Меня окружили со всех сторон: ноги, шаркающие по заиндевелой земле, мечущийся свет факелов, любопытные, сердитые или просто безразличные мужские голоса. Здесь были и верховые: они держались края толпы, и лошади их беспокойно били копытами на холоде.
Я с трудом поднялся на четвереньки, поморгал, прислушиваясь к голосам. Голова у меня раскалывалась от боли; в неровном свете факелов все происходящее казалось нереальным и словно бы рваным, будто действительность и сон мучительно смешались и переплелись в моем сознании. Огонь, голоса, корабельная качка, падающий белый бык…

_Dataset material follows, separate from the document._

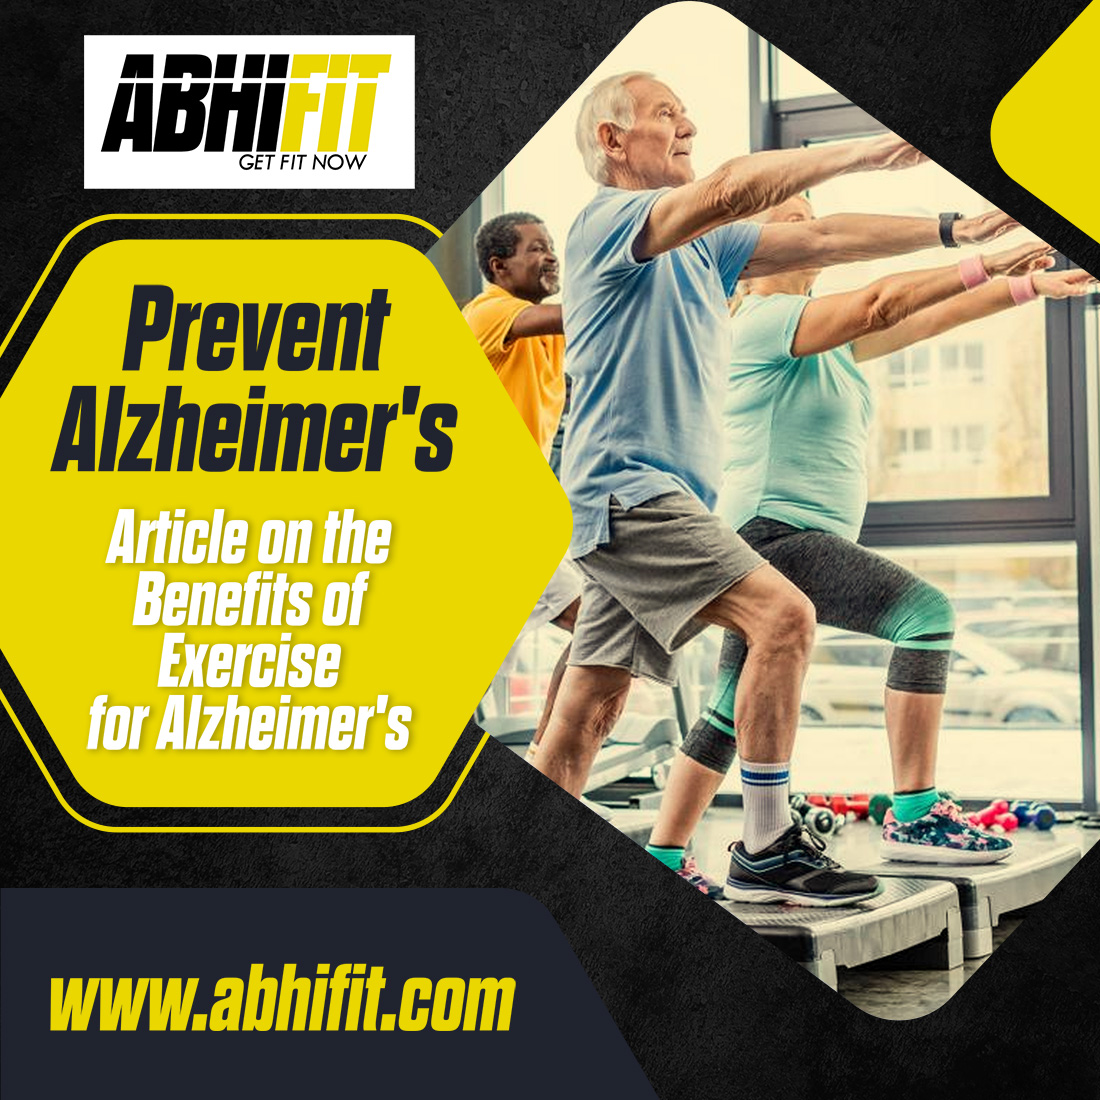 Benefits of Exercise for Alzheimers by Best Personal Trainer in Dubai UAE Abhinav Malhotra AbhiFit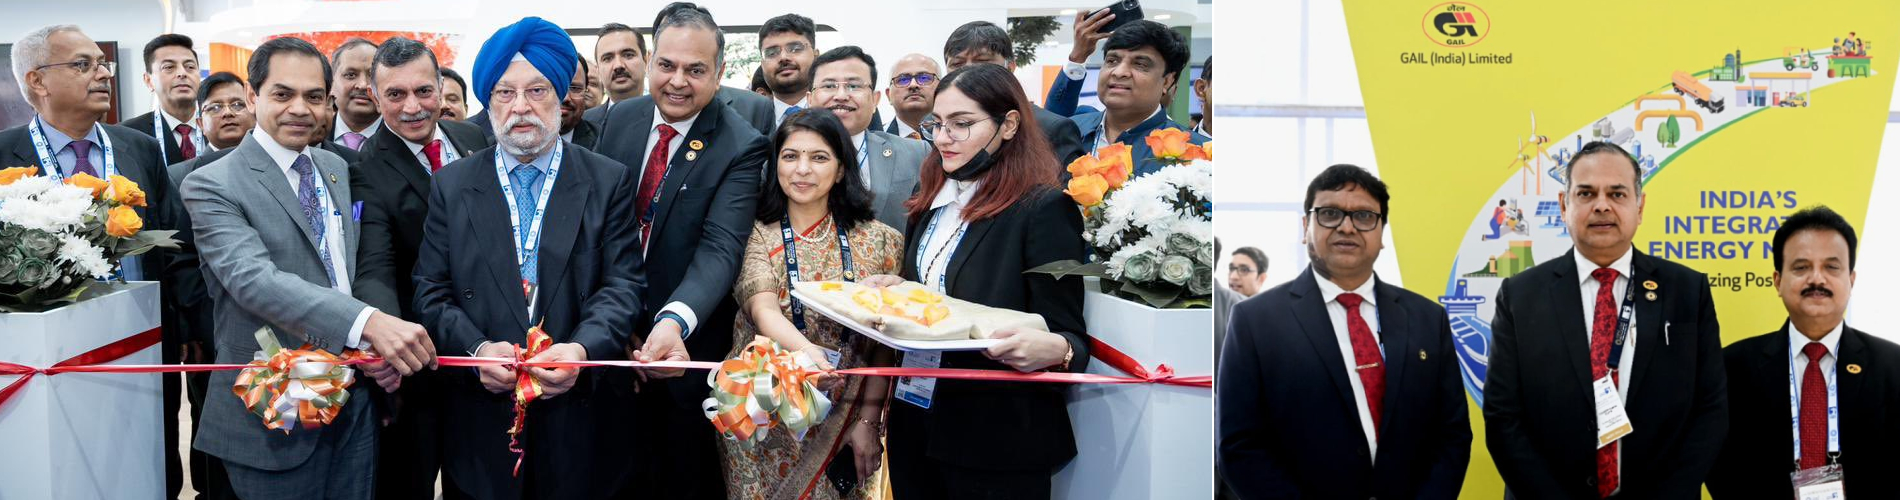 Hon'ble Minister of Petroleum and Natural Gas inaugurated the India Pavilion at #ADIPEC2022 in Abu Dhabi. GAIL was part of the India Pavilion

Чья-то рука сдернула с меня плащ. Вместе с плащом с меня сорвали и часть прогнивших мешков, обнажив плечо и бок до пояса. Еще кто-то схватил меня за руку и ревком поставил на ноги. Другой рукой неизвестный грубо схватил меня за волосы и дернул вниз, заставляя поглядеть на стоявшего надо мной мужчину. Мужчина был высокий и молодой, со светло-каштановыми волосами, которые в свете факелов отсвечивали рыжиной, и лицом, обрамленным элегантной бородкой. Голубые глаза глядели на меня с презрением и злостью. Несмотря на холод, на нем не было плаща. В левой руке он сжимал хлыст.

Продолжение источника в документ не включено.